When you are out and about you are wise to take measures to protect yourself.

6th october is no different to anywhere else.

The car jackings, etc. take place here - just as they are happening all over Cairo.
Expecially over the last weeks when all the police decided to go on strike.


----------



## meb01999

hi! i live in 6 october. i highly recommend living in sheikh zayed as opposed to 6 october proper. it's more put together and there's less traffic. 

it's reasonably safe. i drive (i think i may be one of the few female expats to do so) and go around alone pretty much daily. i go out during the day though, and cannot attest to safety while alone in the evenings. 

egypt is vastly different from the gulf. i live in kuwait for a few years, and really, i cannot even begin to explain how different the countries are. i do think with regards to lifestyle, 6 october offer the most similar options.

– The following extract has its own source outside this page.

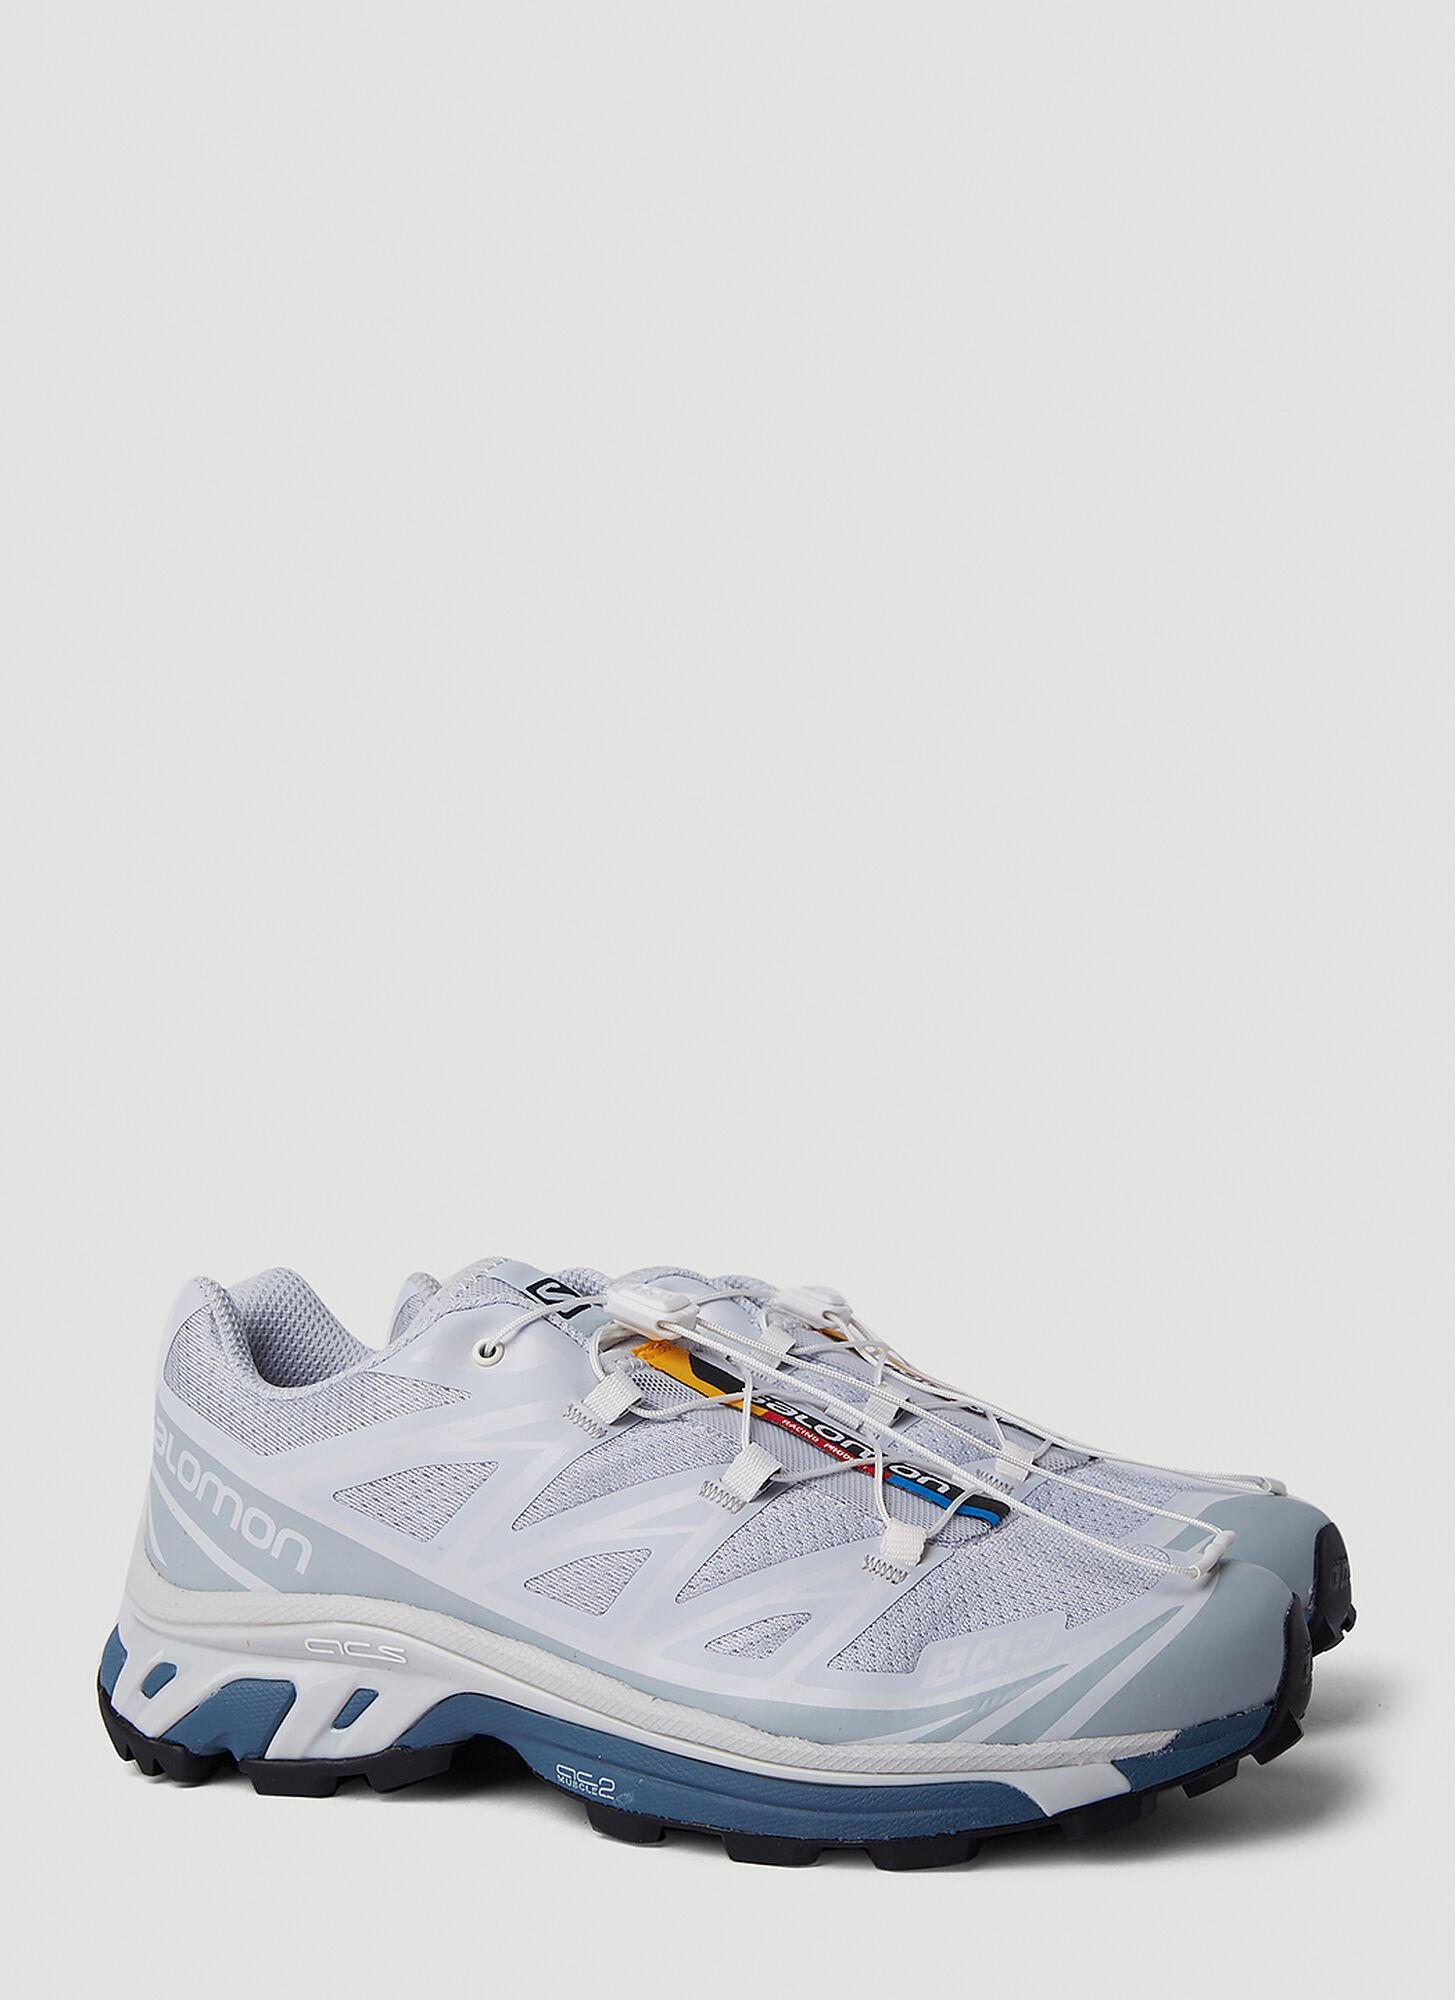 Salomon Xt-6 Mindful Sneakers in White | Lyst

we shipped a bed and our appliances from kuwait and paid NO tax. my husband had to meet the boat in alexandria with a truck (and driver) he had rented from cairo. for us, we felt the quality was significantly better than what we could find here at the same price.

i hear that ikea is about to open in festival city though!


----------



## MaidenScotland

meb01999 said:


> hi! i live in 6 october. i highly recommend living in sheikh zayed as opposed to 6 october proper. it's more put together and there's less traffic.
> 
> it's reasonably safe. i drive (i think i may be one of the few female expats to do so) and go around alone pretty much daily. i go out during the day though, and cannot attest to safety while alone in the evenings.
> 
> egypt is vastly different from the gulf. i live in kuwait for a few years, and really, i cannot even begin to explain how different the countries are. i do think with regards to lifestyle, 6 october offer the most similar options.
> 
> we shipped a bed and our appliances from kuwait and paid NO tax. my husband had to meet the boat in alexandria with a truck (and driver) he had rented from cairo. for us, we felt the quality was significantly better than what we could find here at the same price.
> 
> i hear that ikea is about to open in festival city though!




All my girlfriends drive but are getting they wont drive on the autostrad etc as they feel it is no longer safe.


----------



## NewWorld

Hi all, My husband is a teacher , we have two kids 7 & 12 . Thinking about looking at teaching post for my husband . I wont be working. What kind of salary package would be acceptable ? Your help would be most helpful. Husband is being very cautious with regards to safety etc. what are your views ?


----------